Write out each line of the listing as it stands, without the images.

The data: Begin

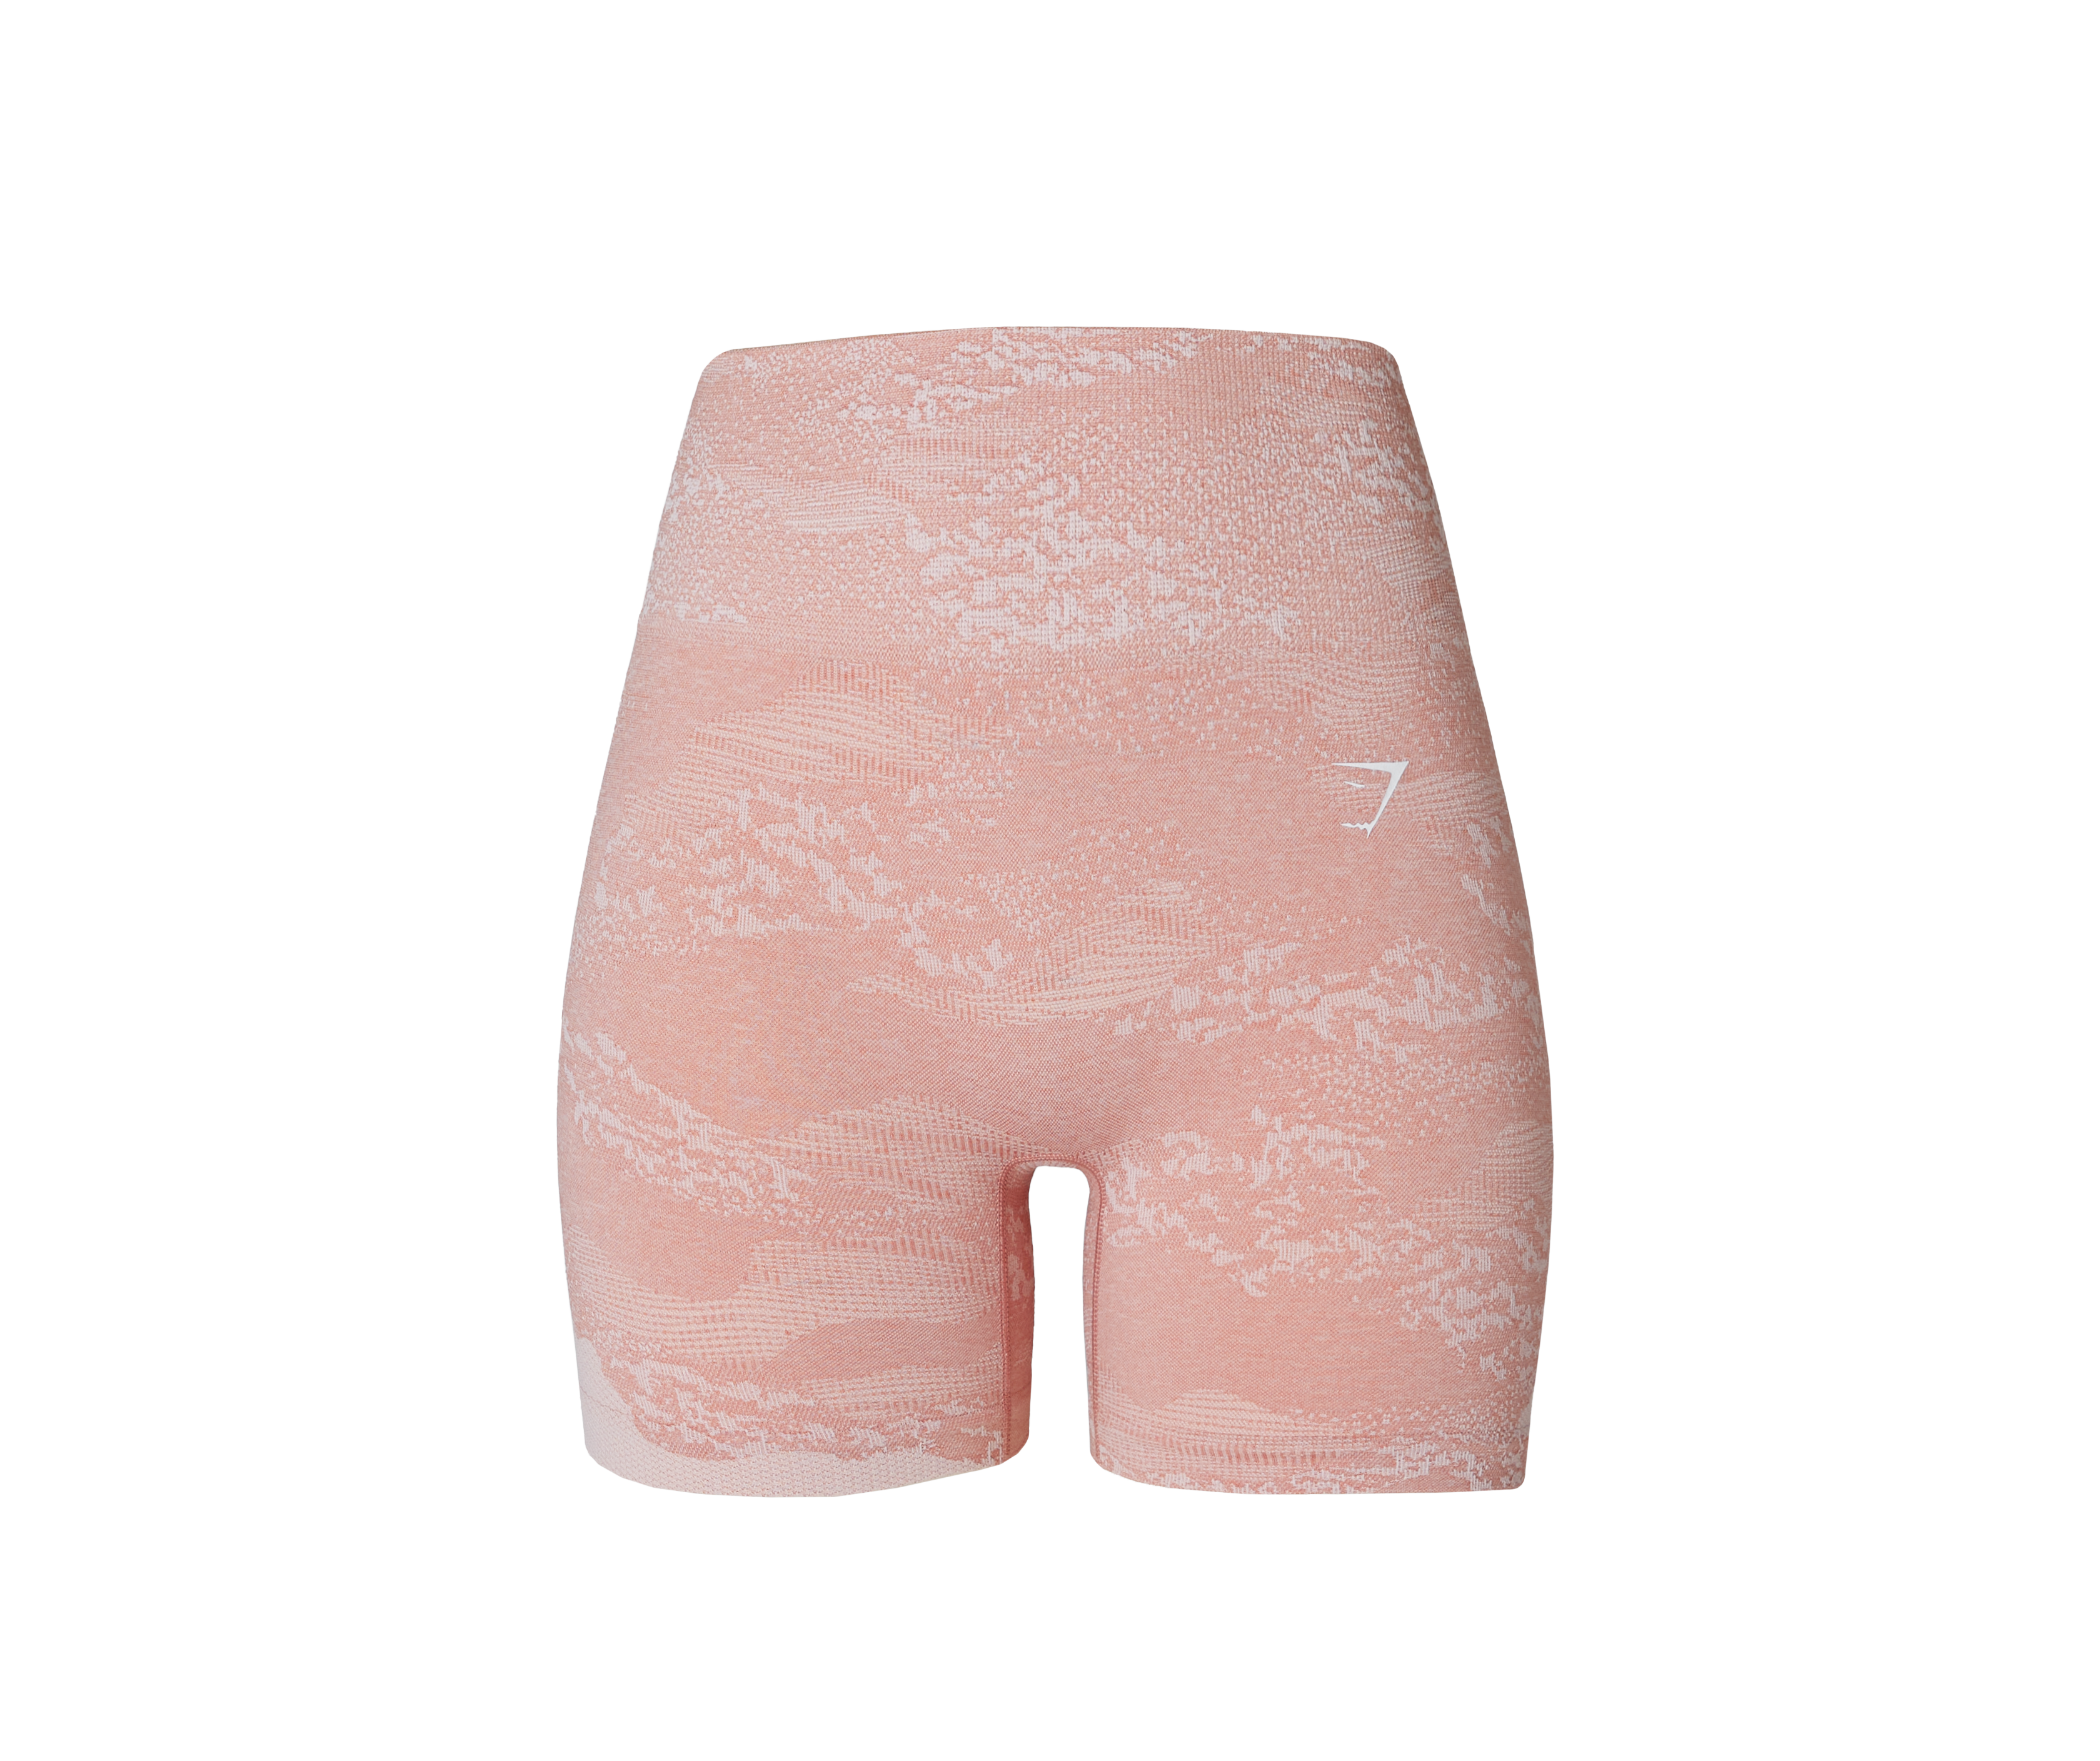 Gymshark Vital Seamless 2.0 Shorts - Plum Pink Marl
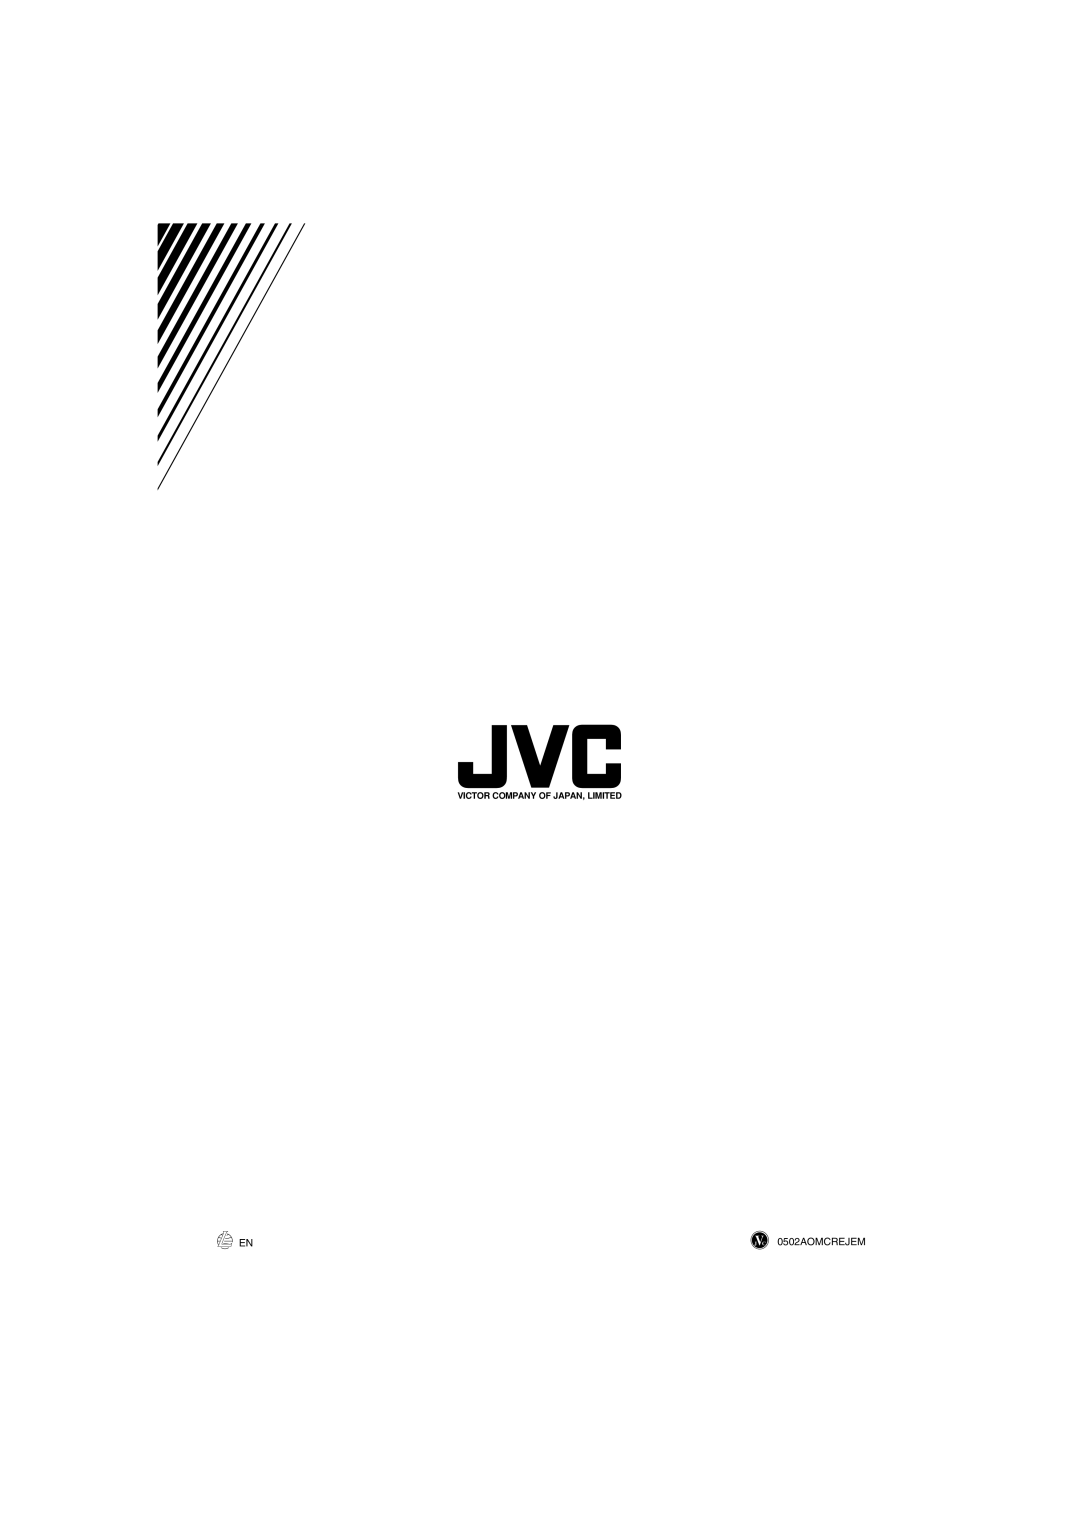 JVC XL-FZ700BK manual JVC 0502AOMCREJEM, Victor Company Of Japan, Limited 
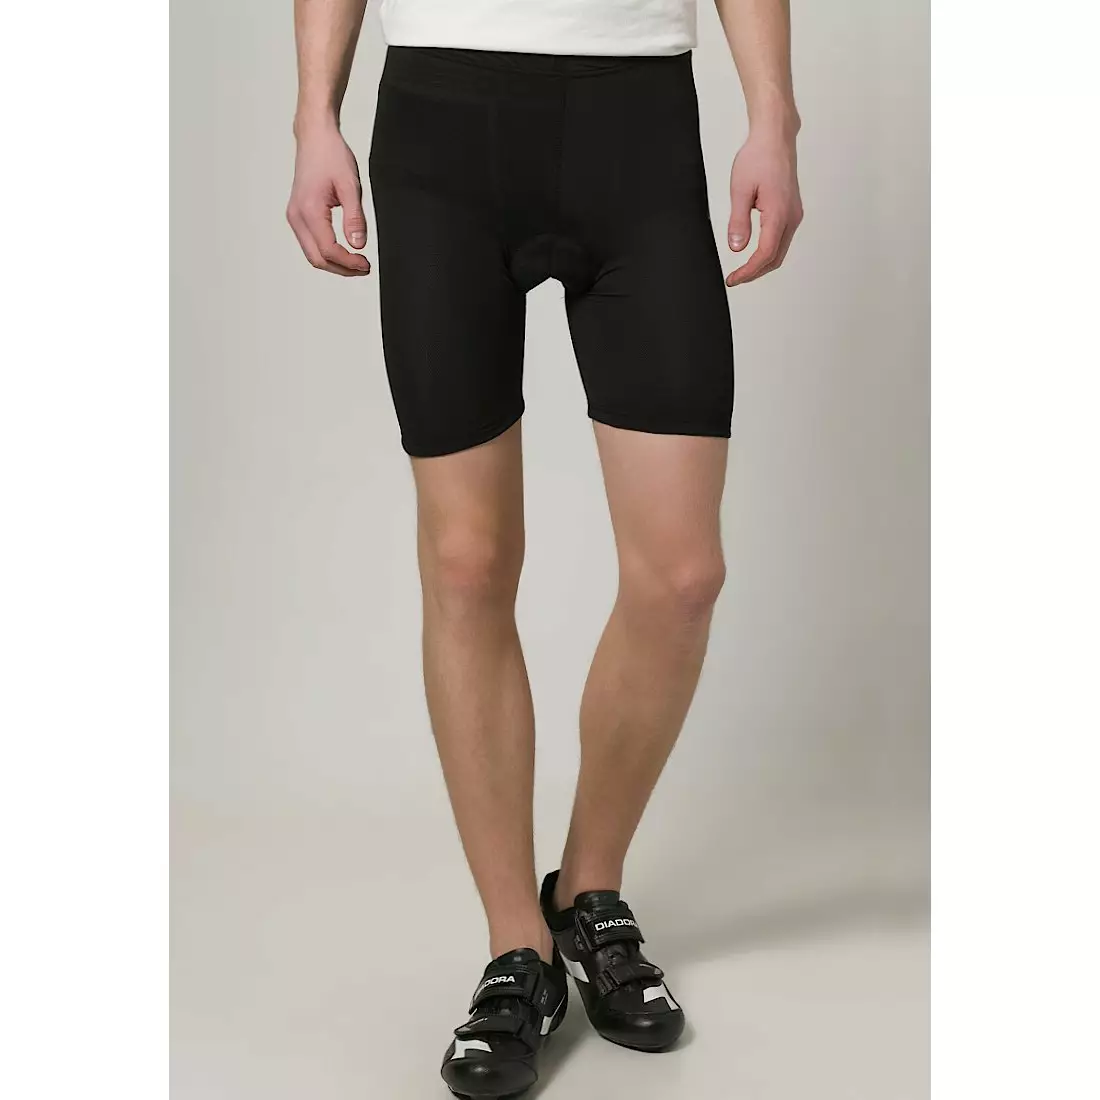 DARE2B MODIFY 2 IN 1 cycling shorts, DMJ085-800
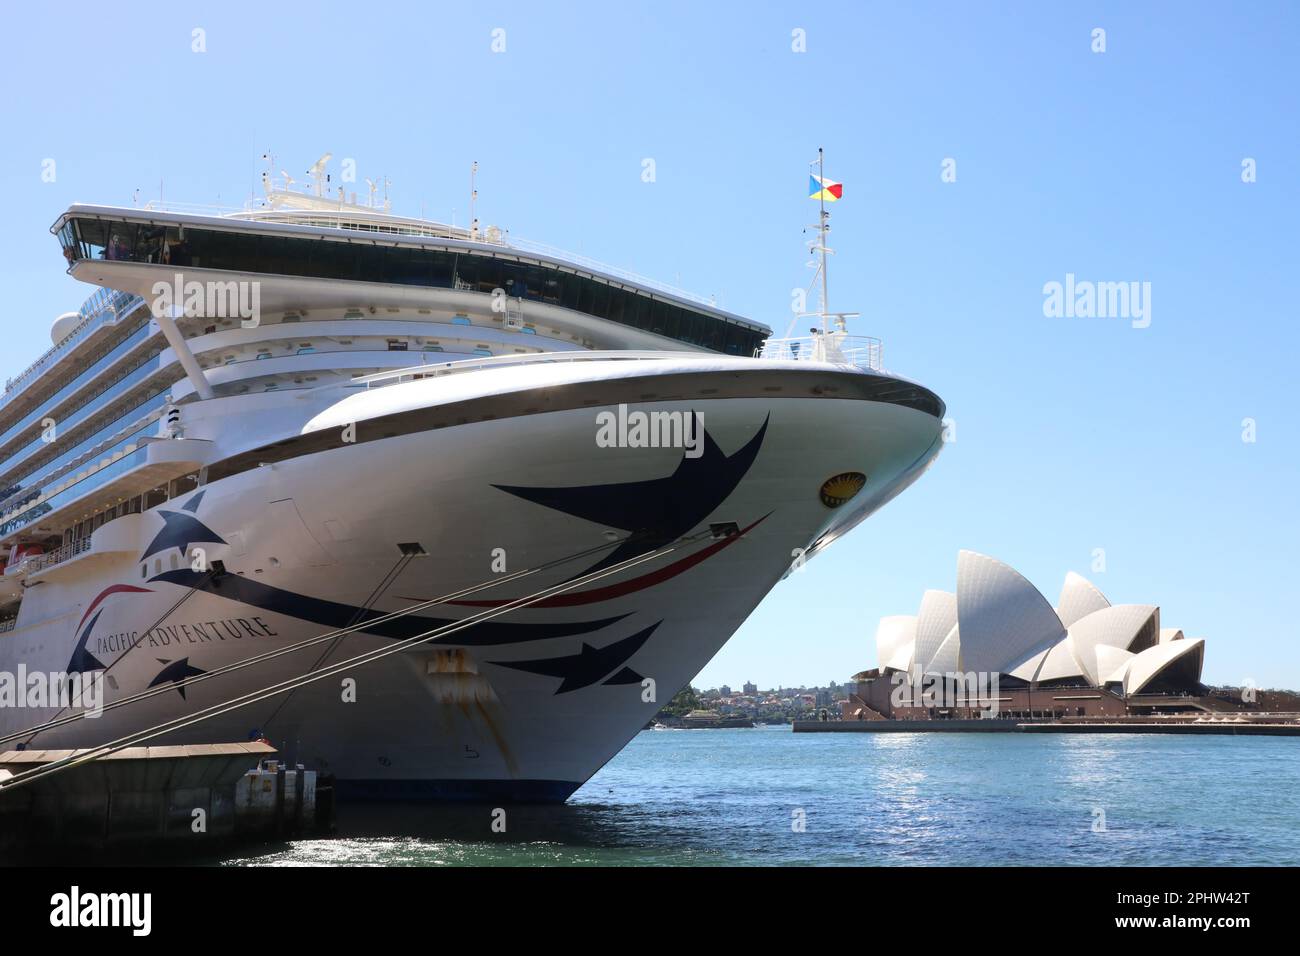 Sydney, Australia. 30th March 2023. P&O Cruises Australia's Pacific Adventure moored at the Overseas Passenger Terminal. Credit: Richard Milnes/Alamy Stock Photo

The data: End

## Output for this exercise
 Gymshark Vital Seamless 2.0 Shorts - Plum Pink Marl
 JVC XL-FZ700BK manual JVC 0502AOMCREJEM, Victor Company Of Japan, Limited 
 DARE2B MODIFY 2 IN 1 cycling shorts, DMJ085-800
 Sydney, Australia. 30th March 2023. P&O Cruises Australia's Pacific Adventure moored at the Overseas Passenger Terminal. Credit: Richard Milnes/Alamy Stock Photo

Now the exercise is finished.